EXERCISE BRIEF: For the data below, transcribe the part that opens with the line containing "EA announces Dead" and closes with the line containing "A Rare 18k Yellow", exactly and with no pictures.

RECORDS SHOWN:
------------

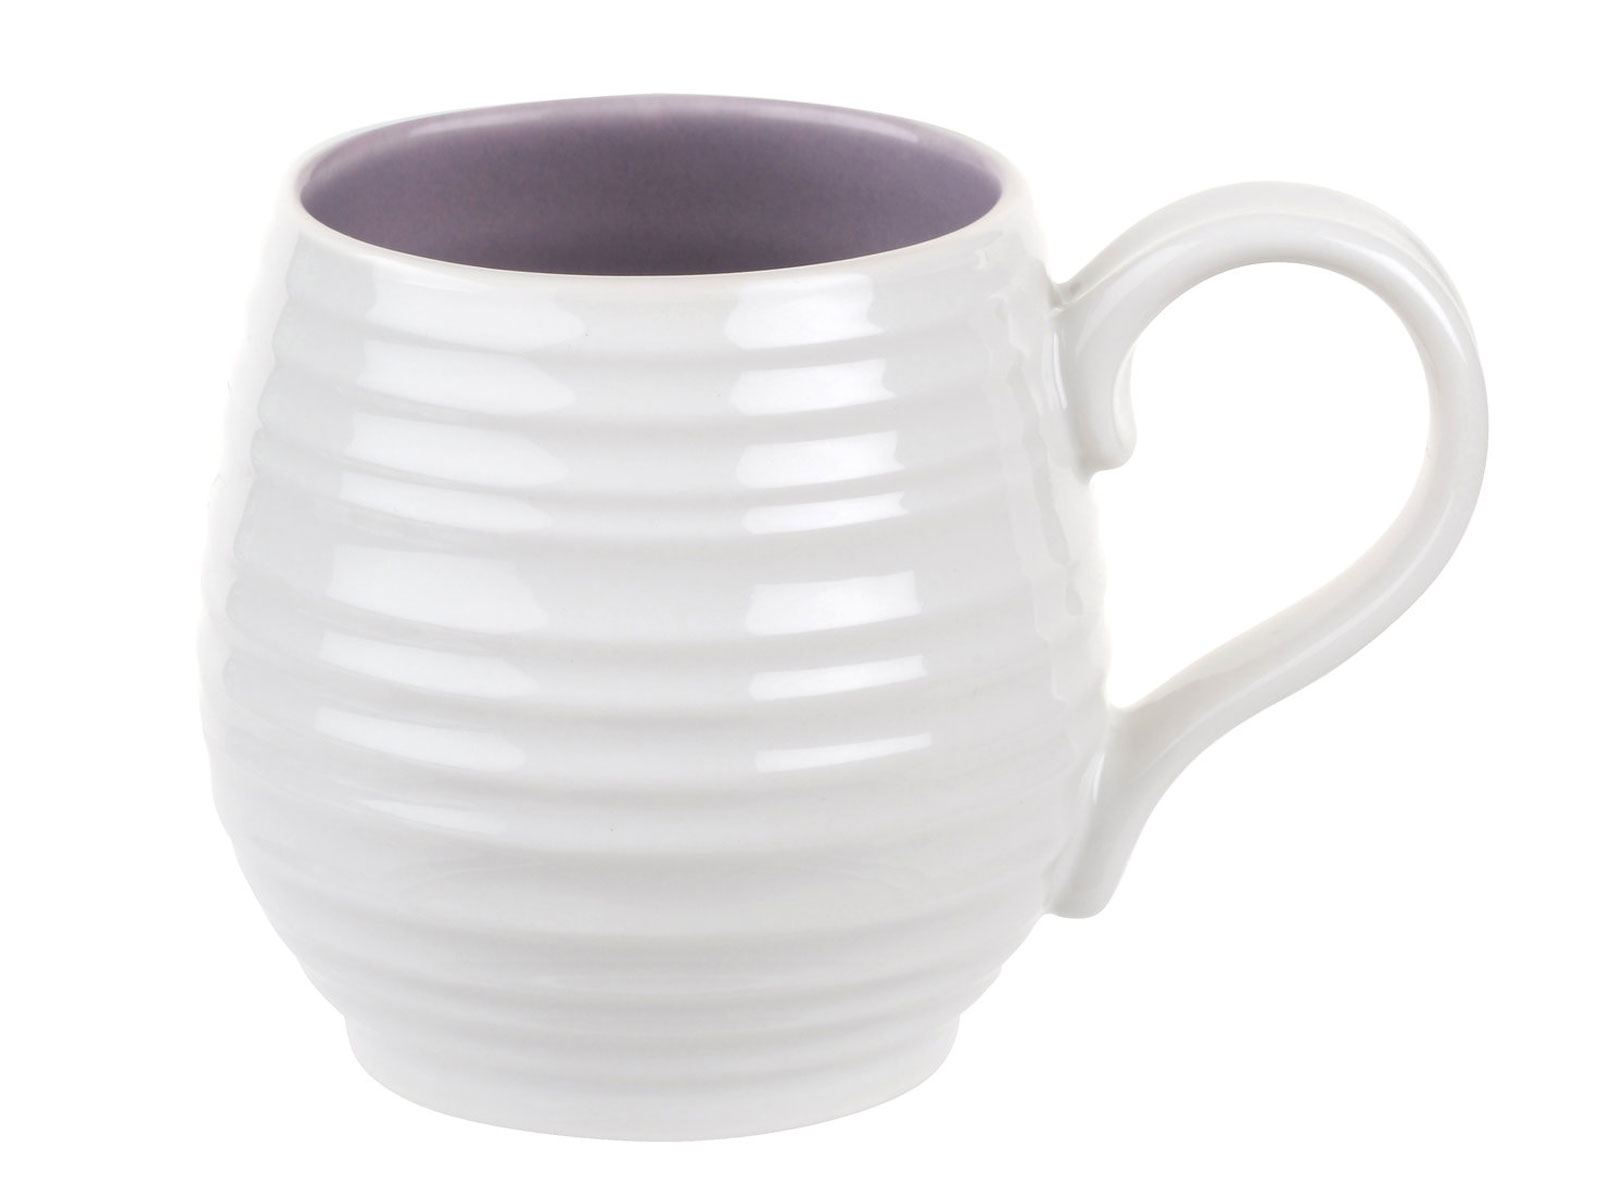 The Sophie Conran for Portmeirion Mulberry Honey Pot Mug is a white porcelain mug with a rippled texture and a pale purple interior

------------

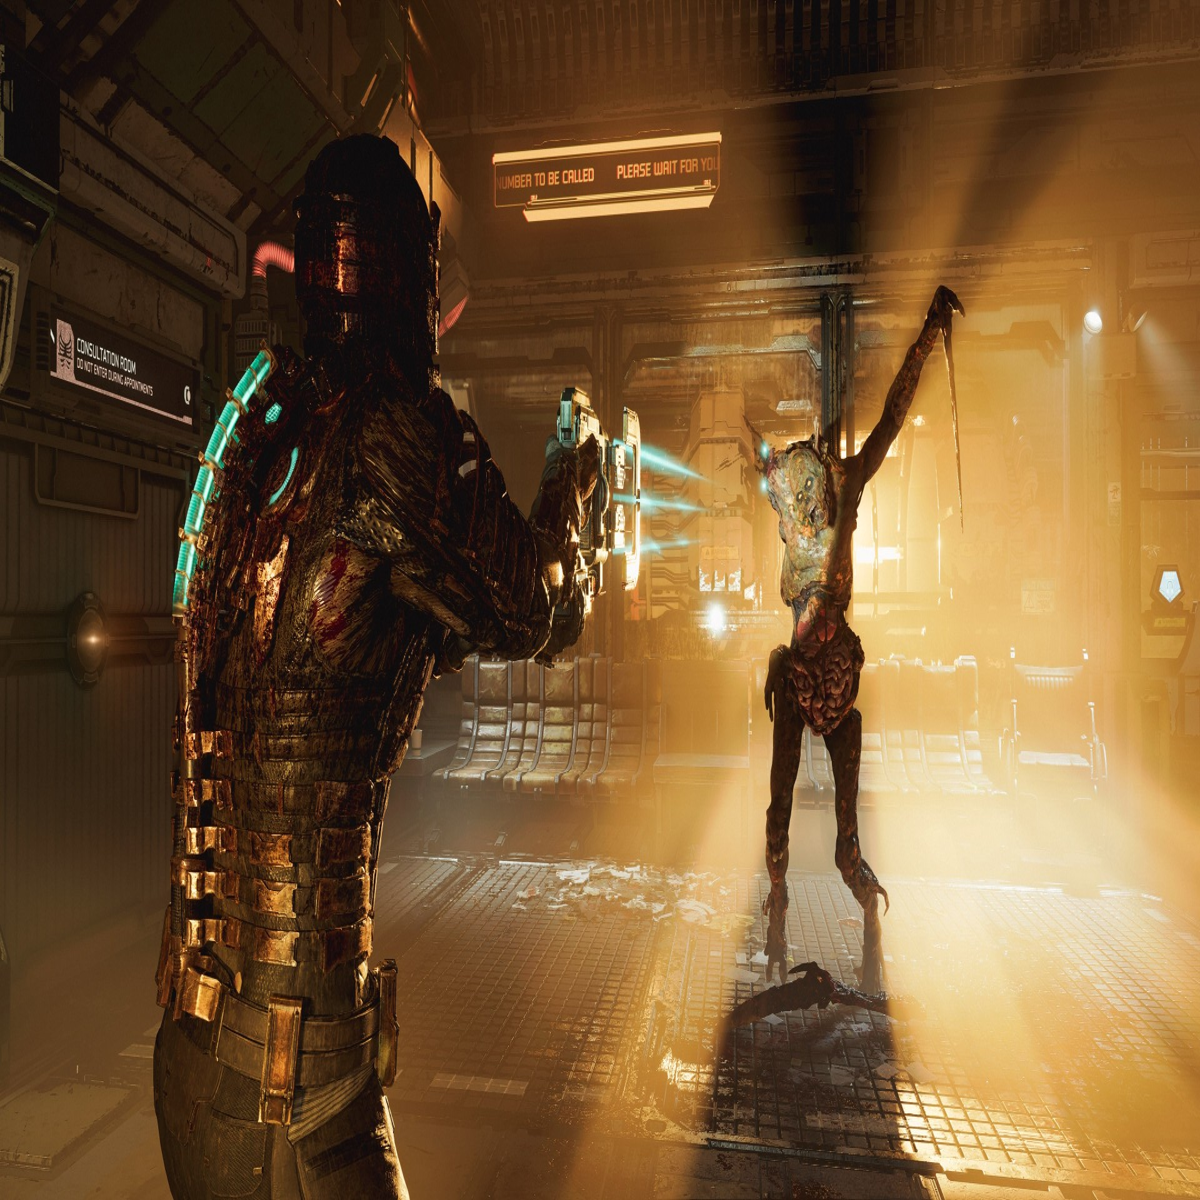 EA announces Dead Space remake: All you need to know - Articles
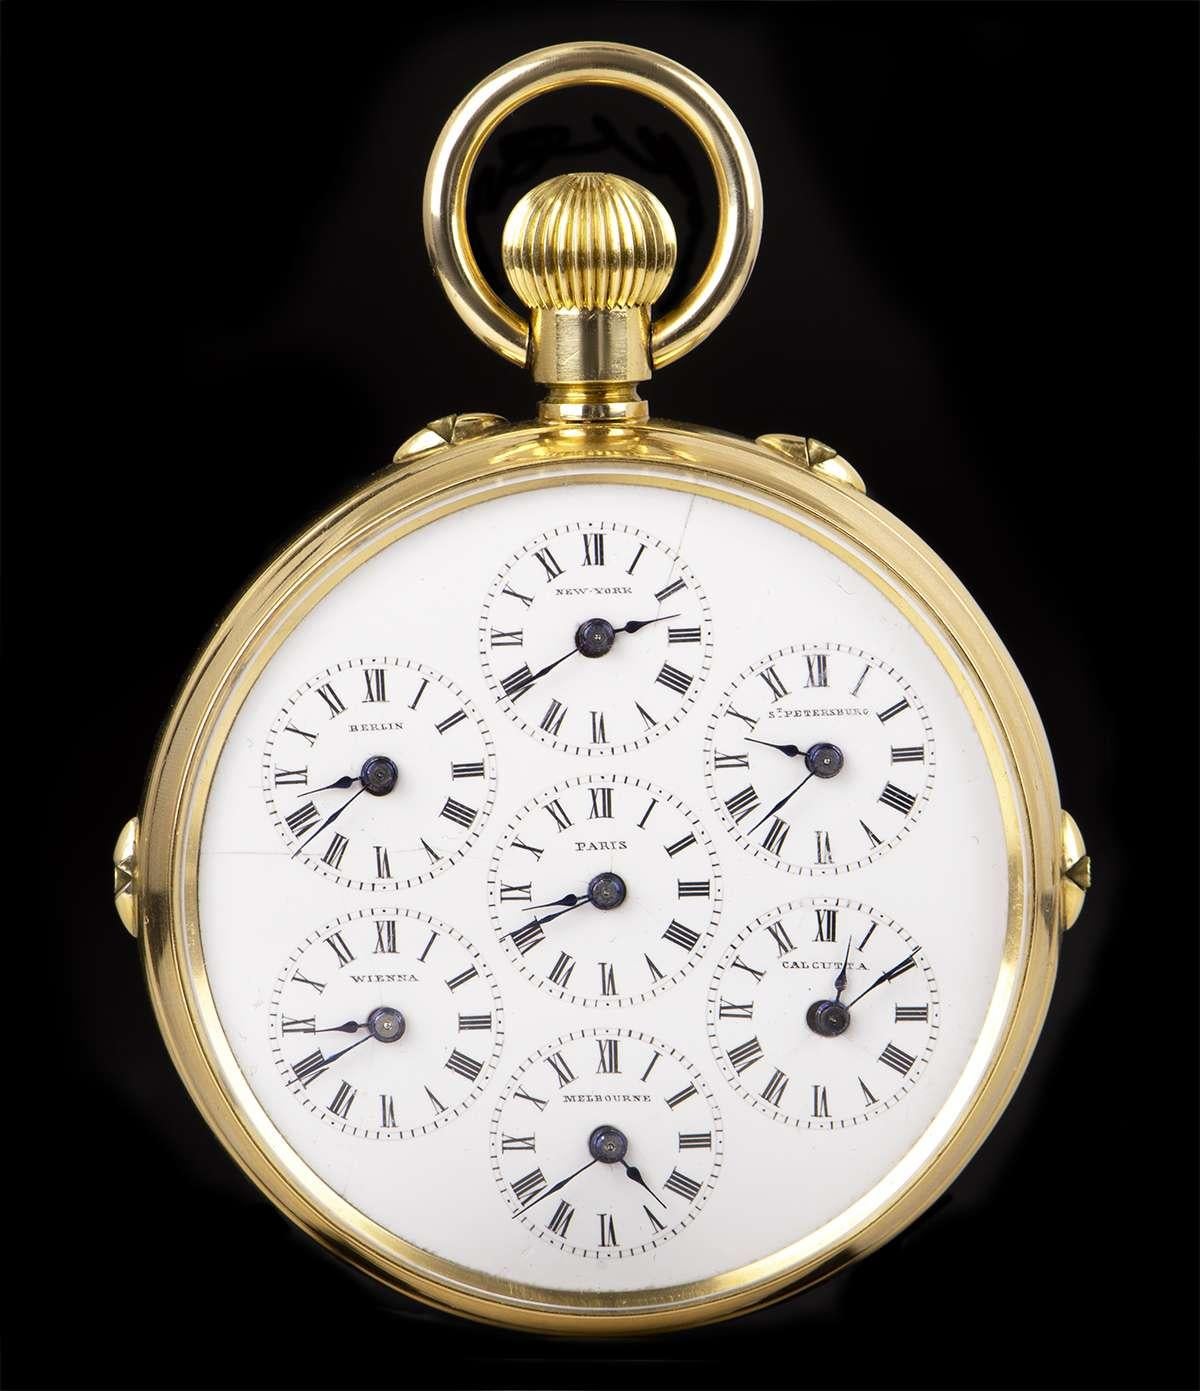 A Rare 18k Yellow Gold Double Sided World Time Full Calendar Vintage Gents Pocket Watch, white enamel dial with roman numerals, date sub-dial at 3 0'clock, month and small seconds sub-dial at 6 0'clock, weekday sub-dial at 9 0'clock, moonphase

------------

THE COMPLETED TASK:
 EA announces Dead Space remake: All you need to know - Articles
 A Rare 18k Yellow Gold Double Sided World Time Full Calendar Vintage Gents Pocket Watch, white enamel dial with roman numerals, date sub-dial at 3 0'clock, month and small seconds sub-dial at 6 0'clock, weekday sub-dial at 9 0'clock, moonphase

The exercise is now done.